つい半月前にも、クロアチアのフヴァル島からスプリットまで渡るフェリーが約2時間遅れ、乗るはずだったバスを逃してしまったばかりだった。
クロアチアで一番参った日
そしてクロアチアに入って最も「参った」と思った混雑は、つい2日前に経験したクロアチアのドブロブニクからお隣の国モンテネグロのコトルへ移動する際の大混雑。
私が乗るはずだった午前10時ドブロブニク発のバスは、バス会社のミスでオーバーブッキング。私を含む10名が、バスに乗り込めずドアの前で立往生していた。
もちろん全員、事前に予約を取っていたし、バス会社の言う通りにチケットをきちんとプリントアウトして手元に用意していた。

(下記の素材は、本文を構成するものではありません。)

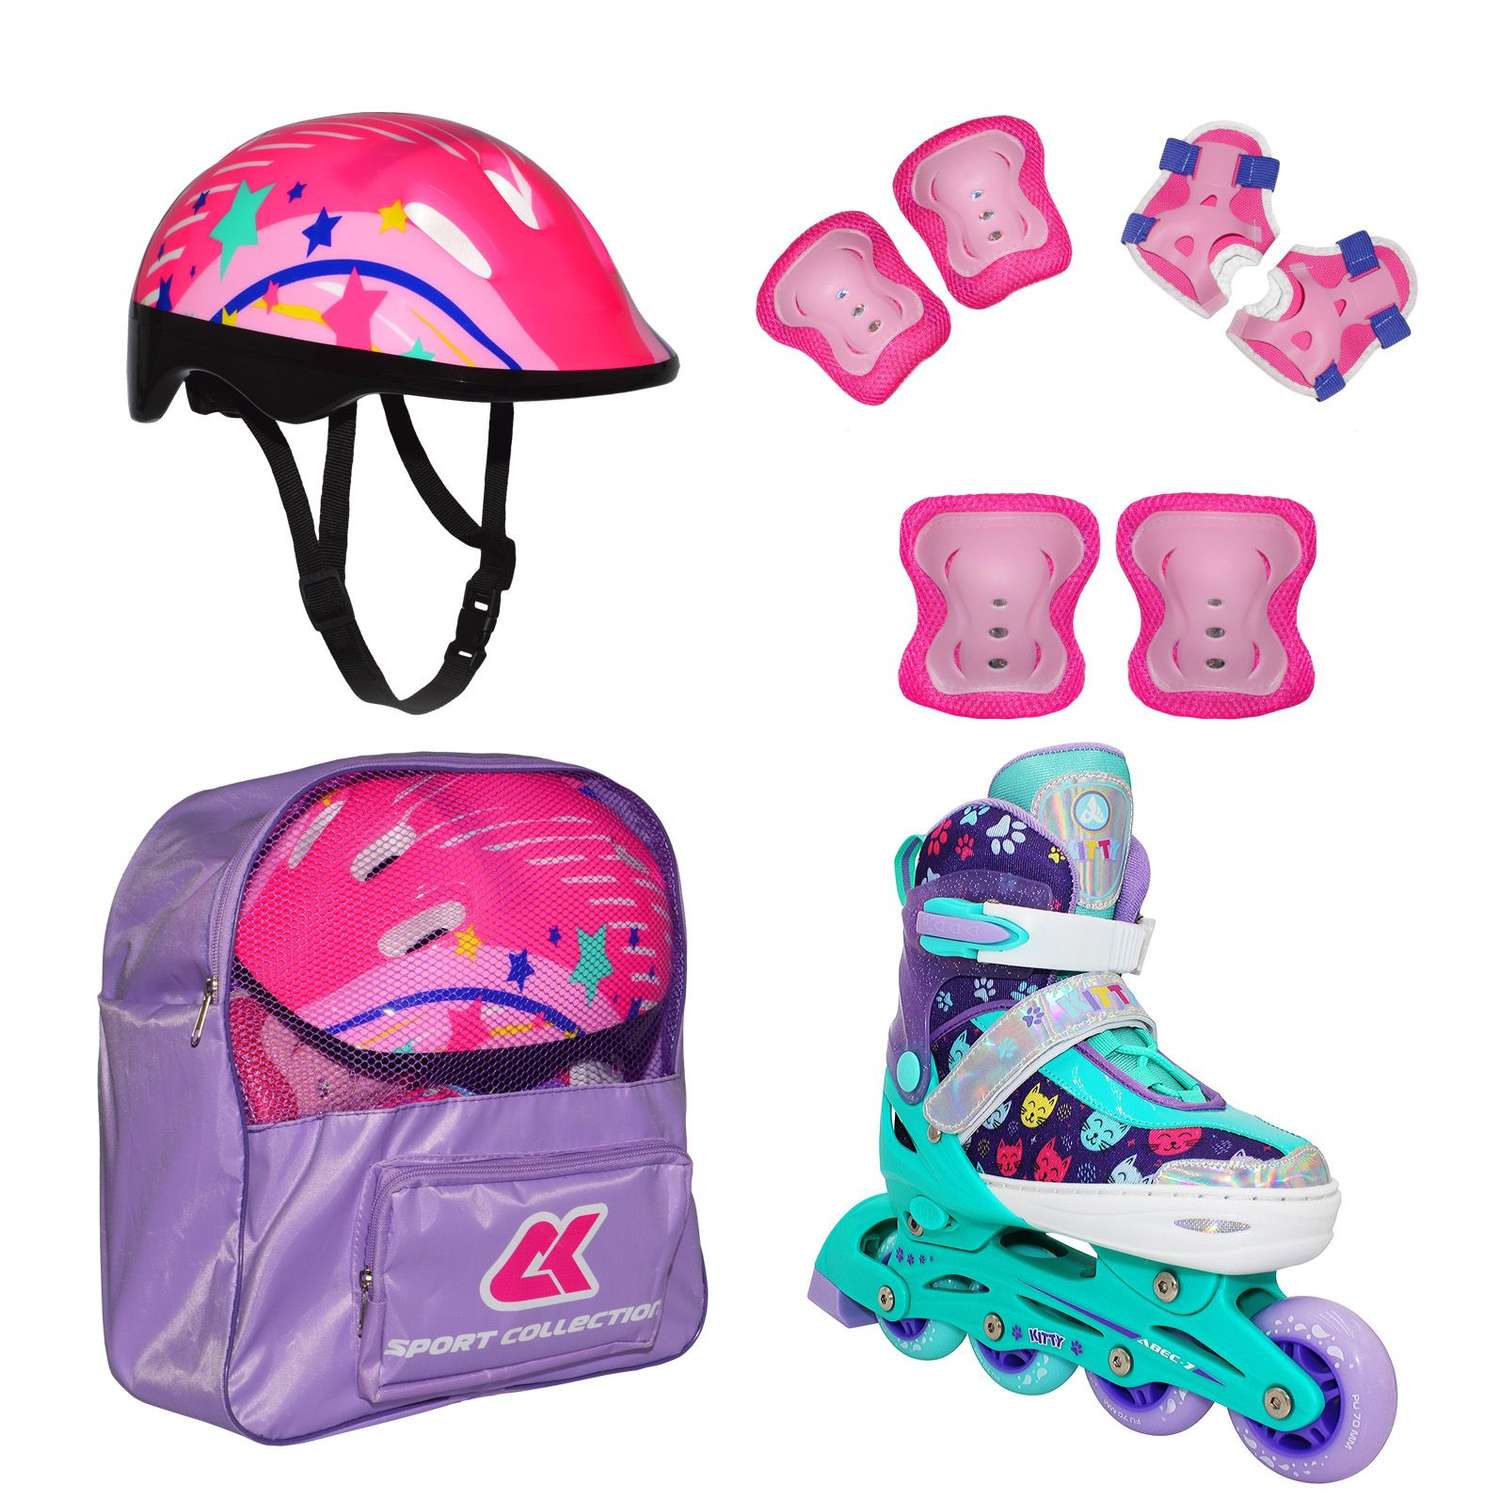 Набор роликовые коньки Sport Collection раздвижные Set Kitty Mint шлем и набор защиты в сумке размер S 29-32 - фото 1

当たり前のようにバスに乗れない全員の不満は高まり、不満の声や説明を求める声が飛び交う中で、バスの運転手もかなりピリピリしていた。
そんな中で強行突破に出たのがバスの運転手
「とにかく次のバスが来るまで待つように」。らちがあかないと思ったのか、バスの運転手はそのひと言だけ告げてバタンと乱暴にバスのドアの閉め、私たち10名をかなり不快な方法で締め出した。
「しょうがないか」
そんなちょっとありえない状況でも、その時の私は気持ちに比較的余裕があった。その日はコトル入りするだけで、後に迫る何か特別な計画を立てていたわけでもなかったから。早々にスーツケースに座ってパソコンを開き、次のバスが来るまでの時間を潰すことにした。
そして11時に到着するはずの次のバスがようやくやってきたのは、1時間半遅れた12時半。それでも無事にバスに乗れたので良しとし、後は約2時間半もすればコトルに着くか。そう思っていた。
夏のハイシーズンは道路も国境超えも大混雑
そこでまた待ち受けていた大混雑が、クロアチア・モンテネグロ間で行う出国・入国審査。国境に続く道は一車線しかなく、出国・入国審査を行うゲートのはるか先まで車の渋滞が続いていた。

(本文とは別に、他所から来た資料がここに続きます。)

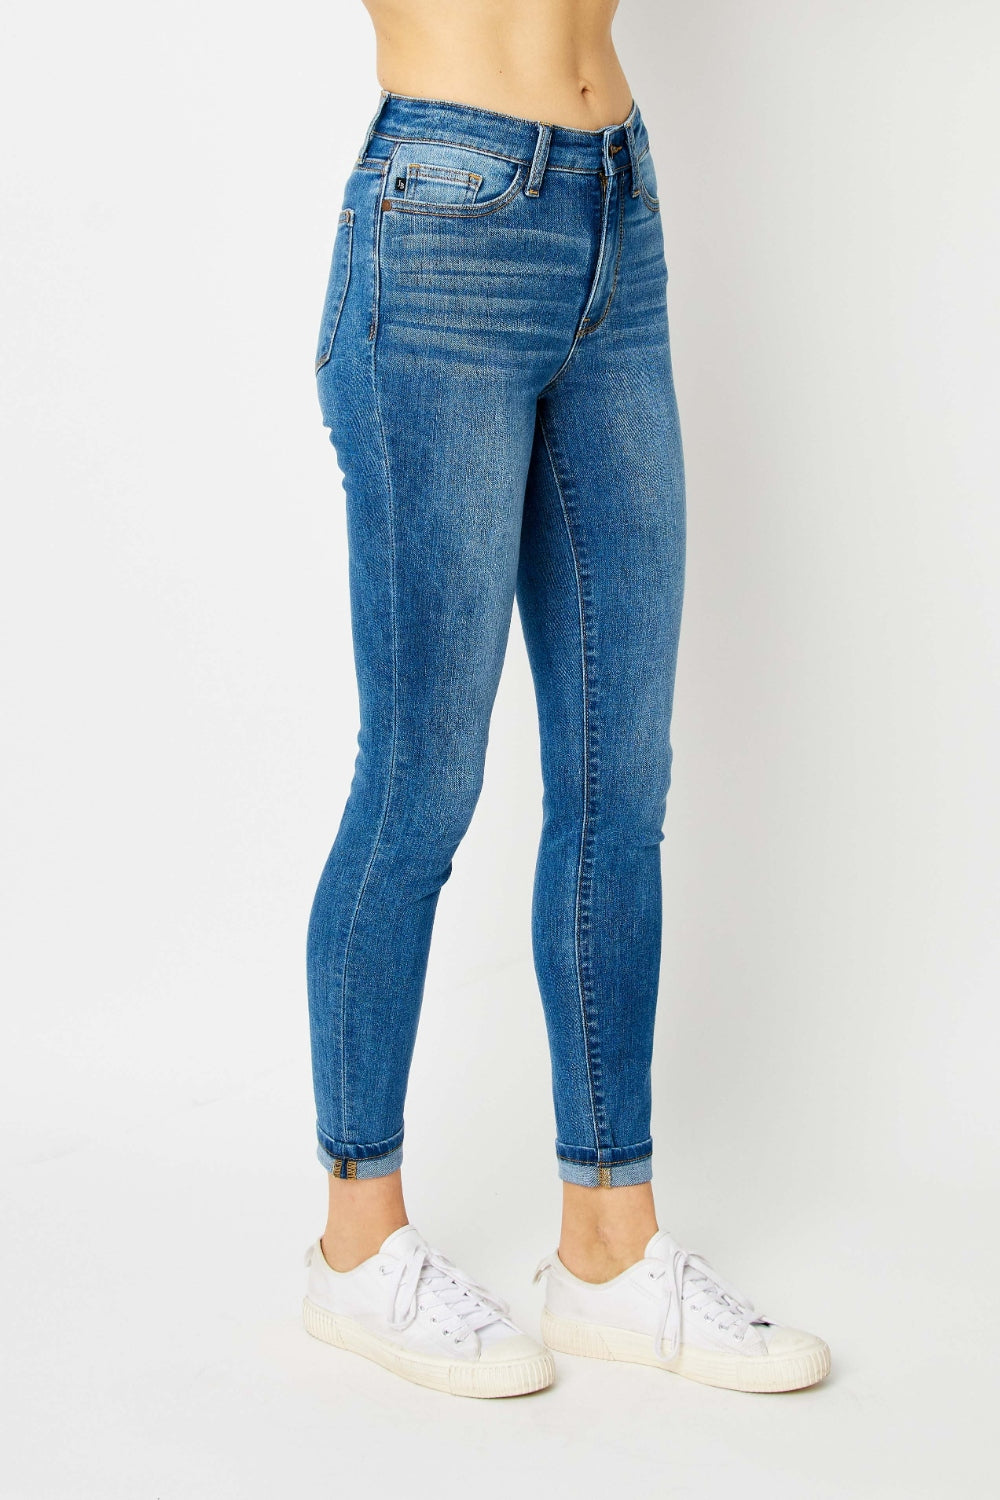 Judy Blue Full Size Cuffed Hem Low Waist Skinny Women Jeans

炎天下の中でクーラーも効かないバスでじっと待つ事1時間以上。ようやくクロアチアでの出国審査を終えたと思ったら、次に待つのはモンテネグロへの入国審査。
自分の審査を終え後、バスの他の乗客が審査を行っている間にトイレを済ませようとすると、そこにもまた長蛇の列。結局あまりにも列が長すぎてバスの出発までにトイレを済ますことはできず、慌ててバスに引き返す。
その時、私がトイレに行った事でバスの出発が少し遅れたと運転手に怒鳴られる始末。
大混雑でストレスが溜まっているのは分かるけど、それはお互いさまじゃない。
喉元までそんな言葉がこみ上げてきたけど、ここで怒っても何も意味がないと思ったのでやめた。ただただ、できれば感じたくなかった人間の内側に触れた気がして、残念で悲しい気持ちになった。
そしてようやく目的地のコトルに着いたのは、本来の到着予定時刻から4時間も過ぎた午後5時半だった。
通常だったら片道2時間~2時間半で行けるところを、夏のハイシーズンの大混雑の影響で2倍以上の時間がかかっている。
国境を越える必要があるので、バスは予定時刻よりも遅れる可能性があることはチケット購入時にもアナウンスがあった。
でもまさか、予定時刻から4時間も遅れるとは思ってもみない。遅れても1時間程度だろうと思っていた。
結局この日の移動にかかった時間はほぼ丸1日。そしてどこに行っても人人人の大混雑、加えてバスの運転手の終始ピリピリした雰囲気。さすがにこたえたなぁと感じた一日だった。
そして目的地のコトルに着いた時には、そんな気疲れも重なってヘトヘトになっていた。